A Lascano le agradan los suburbios. Le traen aromas de su infancia. Conoce estos lares y estas gentes como nadie. Acá las personas no han perdido su aire provinciano, pero lo tienen condimentado con la radiación escéptica que emite la ciudad, a veinte minutos por la Panamericana. Charcos, perros vagabundos, un bar donde se juega tute cabrero y el quinielero toma apuestas ilegales, el pregón del ropavejero. Pero no lo traen las nostalgias por aquí. Sobre la arcada de planchuelas nerviosas que adornan el ingreso, han colocado el cartel de chapa que, con pretenciosa letra sombreada, reza: «Aserradero La Fortuna». Es la única pista que le ha brindado el cadáver del hombre panzón plantado en la escena del fusilamiento. Como protagonizando una película policial, el Perro saca la tarjeta y corrobora que es el lugar donde busca la punta del hilo para desenmarañar la madeja del crimen. Y no se equivoca.

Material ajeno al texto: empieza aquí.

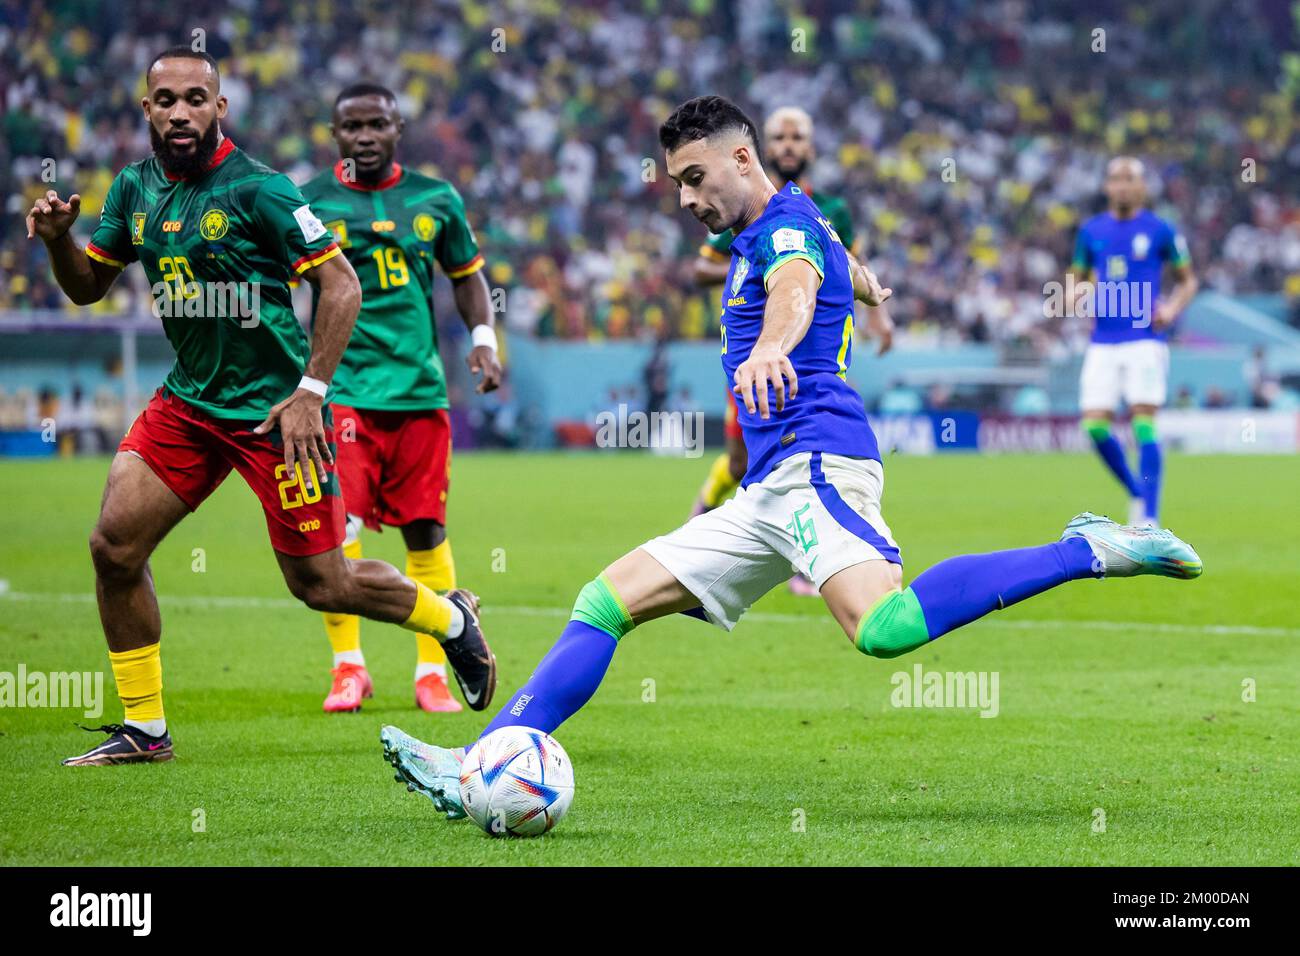 Lusail, Qatar. 02nd Dec, 2022. Soccer: World Cup, Cameroon - Brazil, preliminary round, Group G, Matchday 3, Lusail Stadium, Brazil's Gabriel Martinelli (r) in action against Cameroon's Bryan Mbeumo (l). Credit: Tom Weller/dpa/Alamy Live News Stock Photo
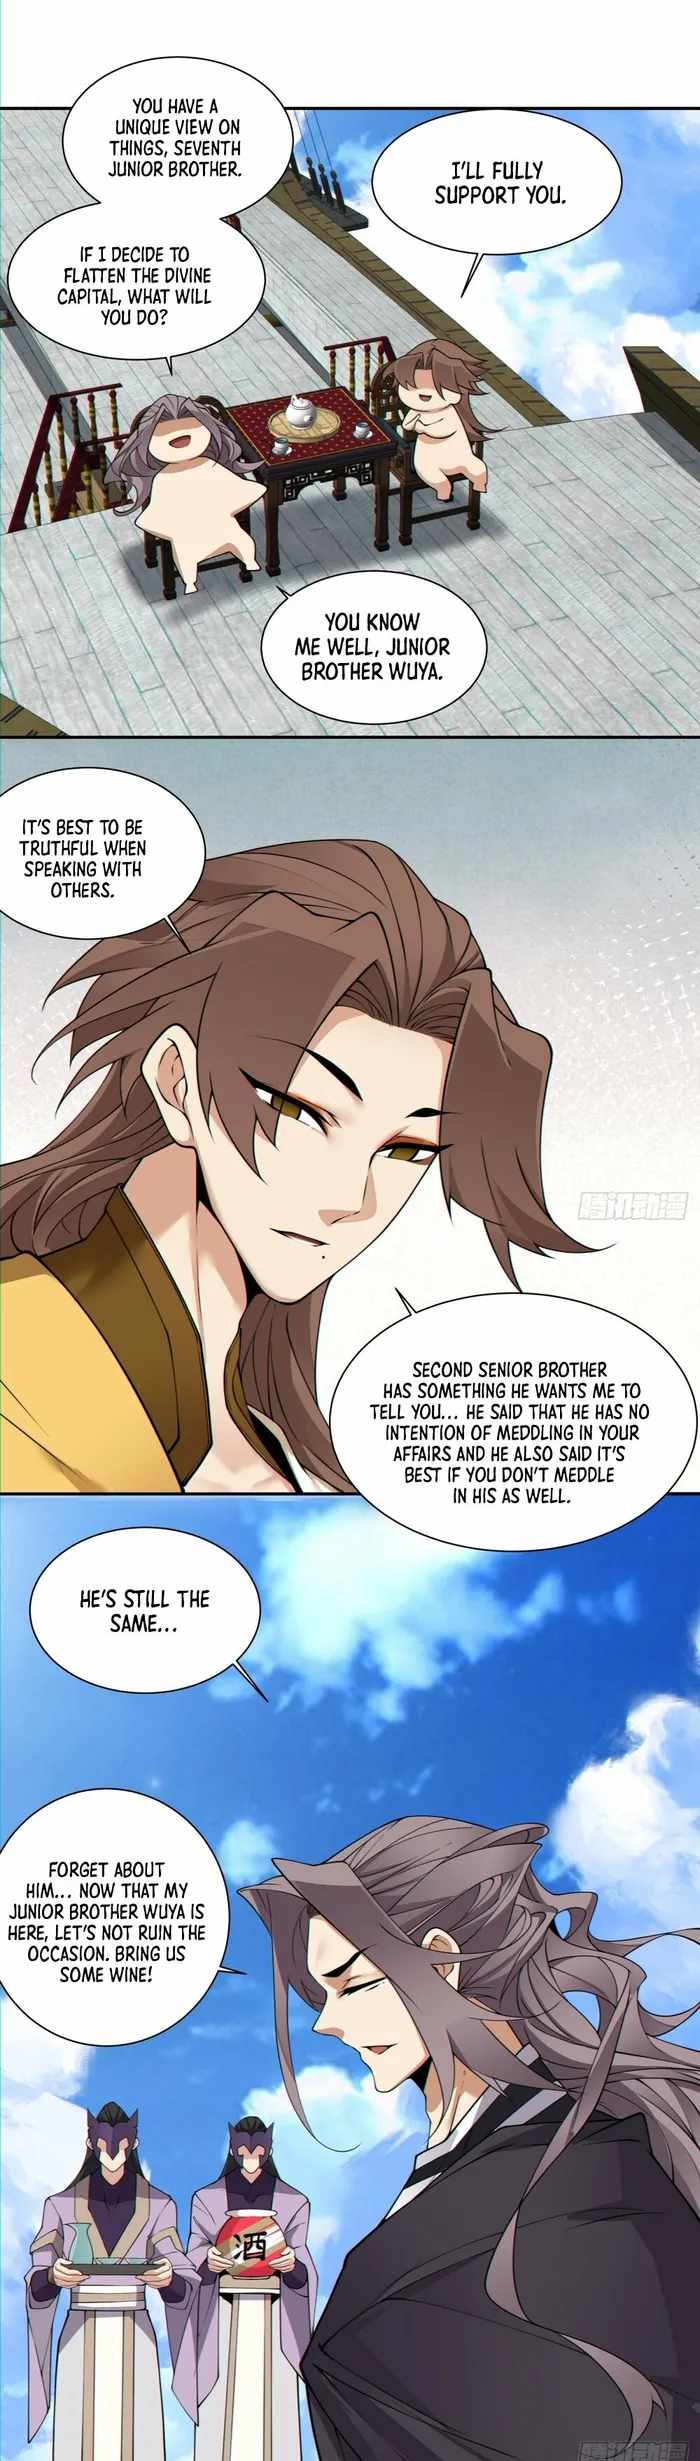 My Disciples Are All Big Villains Chapter 128-eng-li - Page 13

Esquivando los baches llenos de agua podrida con restos de viruta que dejan los camiones de carga, avanza resueltamente. Lo guía el chillido que hace la sierra al cortar un tablón, manipulado por un hombretón rubio vestido con mameluco. Al índice de su mano derecha le falta la última falange y una de sus pupilas está cubierta por un nubarrón blanco. El tipo no parece haber advertido su presencia, concentrado en el borde de la madera recién aserrada. Repentinamente, sin abandonar su obra, le habla.
¿En qué puedo serle útil, comisario? Buenos días.
Lascano saca la foto de Biterman y la arroja sobre el banco.
¿Sabe quién es?
El hombre cierra el ojo nublado y con el otro contempla la fotografía indiferente.
Biterman. ¿Perdón? Biterman, un prestamista. Lo conoce. ¿Está muerto? Tan muerto como Gardel. ¿Cuál es su relación con él? Cuando estaba muy ahorcado me cambiaba cheques. Lo mataron por fin. ¿Cómo lo sabe? Si se hubiera muerto de gripe usted no estaría aquí. ¿Sabe quién pudo haber tenido motivos para asesinarlo? Sí. ¿Quién? Yo… y la mitad de la guía telefónica. El tipo era un miserable. La verdad, me alegro de que esté mirando la raíz del perejil. ¿Usted lo mató? Para mi fortuna, alguien se me adelantó. ¿Dónde estuvo el martes por la noche? ¿Vio el bar que está enfrente? Vaya y pregunte. Estuve viendo la biaba que le dio Galíndez a Skog. Además de los dueños y el mozo, había como veinte personas. Nos quedamos hasta tarde. ¿Qué, la televisaron? Ahora que lo pregunta, no, en realidad escuchamos el combate por la radio. Lo que pasa es que este locutor… Cafaretti. Ése, Cafaretti, relata tan bien que a uno le parece que está en el ringside. ¿Tiene la dirección de este… Biterman? La tengo. ¡Gladys! ¿Qué pasa? Dale acá al señor la dirección del ruso. Muchas gracias.
Lascano se aleja rumbo a la chica que lo aguarda en la puerta de la «oficina». A sus espaldas resuena el vozarrón del carpintero.
Si encuentra al que lo mató, dígale que yo le pago el abogado.